Principles of Consolidation and Presentation
 
The accompanying consolidated financial statements include the accounts of the Company and its wholly owned subsidiaries, Brushy Resources, Inc., ImPetro Operating, LLC, ImPetro Resources, LLC, Lilis Operating Company, LLC, and Hurricane Resources LLC. All significant intercompany accounts and transactions have been eliminated in consolidation.
   
Use of Estimates
 
The accompanying consolidated financial statements are prepared in conformity with GAAP which requires the Company to make a number of estimates and assumptions relating to the reported amounts of assets and liabilities; disclosure of contingent assets and liabilities at the date of the financial statements; the reported amounts of revenues and expenses during the reporting period; and the quantities and values of proved oil, natural gas and natural gas liquid (“NGL”) reserves used in calculating depletion and assessing impairment of its oil and natural gas properties. The most significant estimates pertain to the evaluation of unproved properties for impairment, proved oil and natural gas reserves and related cash flow estimates used in the depletion and impairment of oil and natural gas properties; the timing and amount of transfers of our unevaluated properties into our amortizable full cost pool; the fair value of embedded derivatives and commodity derivative contracts, accrued oil and natural gas revenues and expenses, valuation of options and warrants, and common stock; and the allocation of general and administrative expenses. Actual results could differ significantly from these estimates.

Reclassifications

Certain reclassifications have been made to the prior year comparative financial statements to conform to the 2019 presentation. These reclassifications have no effect on the Company’s previously reported results of operations, stockholders’ equity or cash flows.

Cash and Cash Equivalents

Cash and cash equivalents include highly liquid instruments with an original maturity of three months or less are stated at cost, which approximates fair value.
 
Accounts Receivable

The Company has accounts receivable from joint interest owners of properties operated by the Company. The Company typically has the right to withhold future revenue disbursements to recover any non-payment of related joint interest billings. Management routinely assesses accounts receivable amounts to determine their collectability and accrues an allowance for uncollectible receivables when, based on the judgment of management, it is probable that a receivable will not be collected. The Company records actual and estimated oil and natural gas revenue receivable from third parties at its net revenue interest. In addition, the Company has receivables derived from sales of certain oil and natural gas production which are collateral under the Company’s credit agreements. The Company had an allowance for doubtful accounts of $0.4 million as of December 31, 2019. There was no allowance for doubtful accounts as of December 31, 2018.

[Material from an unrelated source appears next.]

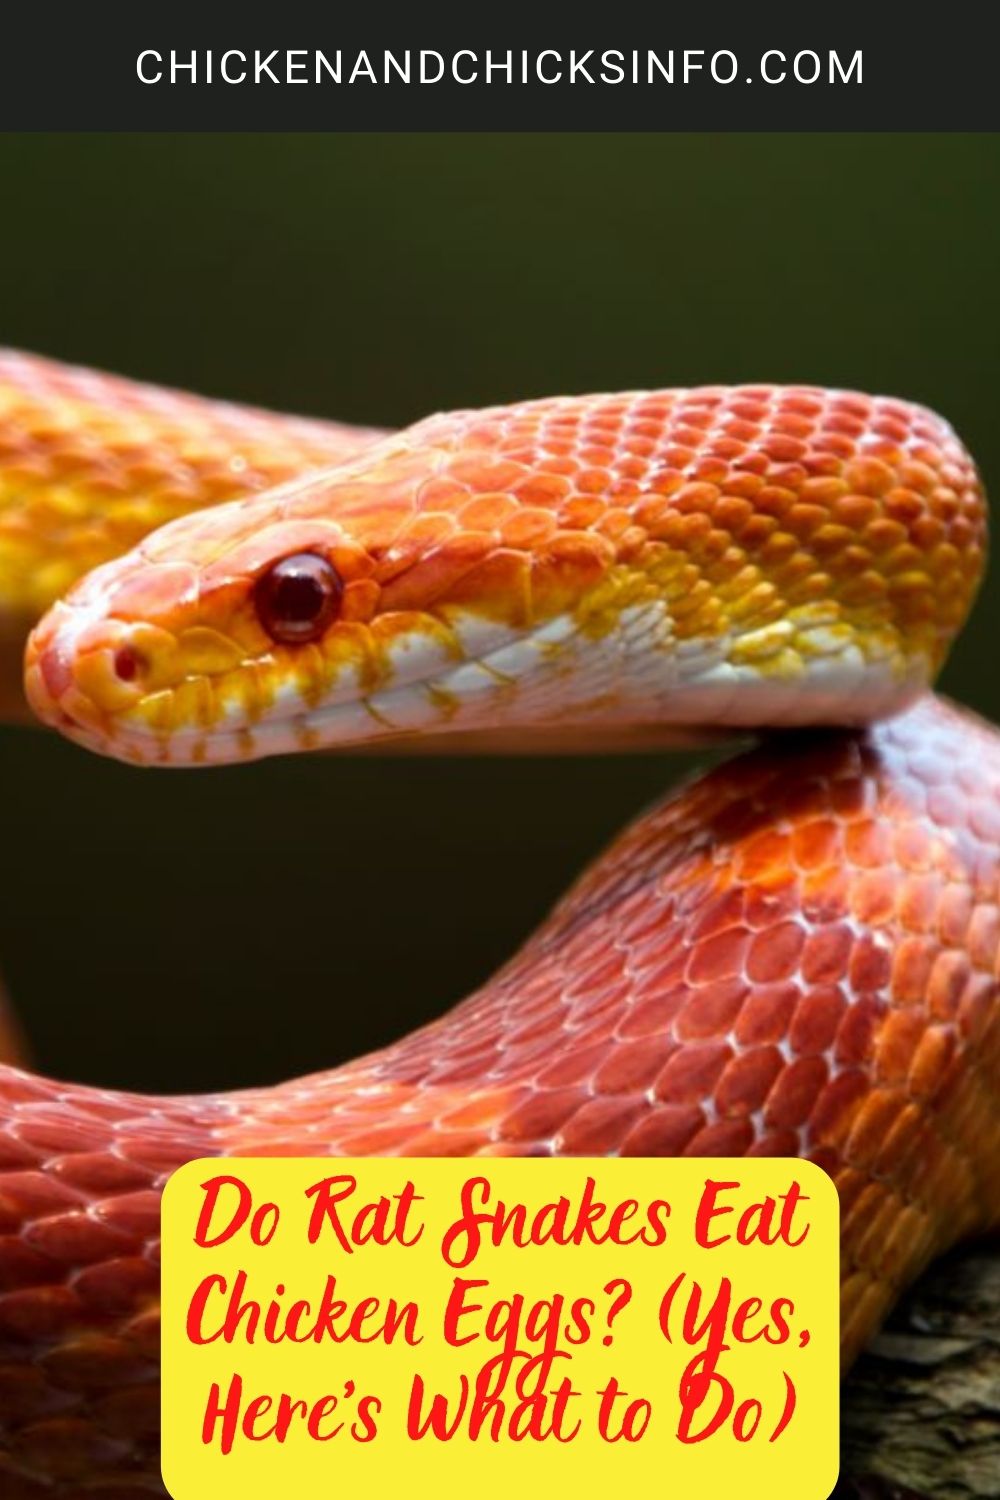 Do Rat Snakes Eat Chicken Eggs? (Yes, Here’s What to Do) poster.

Fair Value of Financial Instruments

As of December 31, 2019, and 2018, the carrying value of cash and cash equivalents, accounts receivable, accounts payable, accrued liabilities, revenue payable and advances from joint interest partners approximates fair value due to the short-term nature of such items. The carrying value of the Company’s secured debt is carried at cost which approximates the fair value of the debt as the related interest rates approximates interest rates currently available to the Company.

Oil and Natural Gas Properties

The Company uses the full cost method of accounting for oil and natural gas operations. Under this method, costs related to the exploration, non-production related development and acquisition of oil and natural gas reserves are capitalized. Such costs include land acquisition costs, geological and geophysical expenses, carrying charges on non-producing properties, costs of drilling, developing and completing productive wells, and any other costs directly related to acquisition and exploration activities. Proceeds from property sales are generally applied as a credit against capitalized exploration and development costs, with no gain or loss recognized, unless such a sale would significantly alter the relationship between capitalized costs and the proved reserves attributable to these costs. A significant alteration would typically involve a sale of 25% or more of proved reserves.

Depletion of exploration and development costs and depreciation of wells and tangible production assets is computed using the units-of-production method based upon estimated proved oil and natural gas reserves. Costs included in the depletion base to be amortized include (a) all proved capitalized costs including capitalized asset retirement costs net of estimated salvage values, less accumulated depletion, and (b) estimated future development cost to be incurred in developing proved reserves, that are not otherwise included in capitalized costs.

Under the full cost method of accounting, capitalized oil and natural gas property costs less accumulated depletion (net of deferred income taxes) may not exceed an amount equal to the sum of the present value, discounted at 10%, of estimated future net revenues from proved oil and natural gas reserves and the cost of unproved properties not subject to amortization (without regard to estimates of fair value), or estimated fair value, if lower, of unproved properties that are not subject to amortization. Should capitalized costs exceed this ceiling, an impairment expense is recognized. The present value of estimated future net cash flows was computed by applying a flat oil price to forecast revenues from estimated future production of proved oil and natural gas reserves as of period-end, less estimated future expenditures to be incurred in developing and producing the proved reserves (assuming the continuation of existing economic conditions), less any applicable future taxes. For the year ended December 31, 2019, the ceiling value of the Company’s reserves was calculated based upon SEC pricing of $55.69 per barrel for oil and $2.58 per MMBtu for natural gas. For the year ended December 31, 2018, the ceiling value of the Company’s reserves was calculated based upon SEC pricing of $65.56 per barrel for oil and $3.10 per MMBtu for natural gas. Full-cost ceiling impairments totaling $228.3 million were recorded for the year ended December 31, 2019 and resulted primarily from decreased commodity prices and reduction in expected PUDs used in preparation of estimated future net revenues from proved oil and natural gas reserves as compared to the commodity prices used for the year ended December 31, 2018, when no such impairments were recognized.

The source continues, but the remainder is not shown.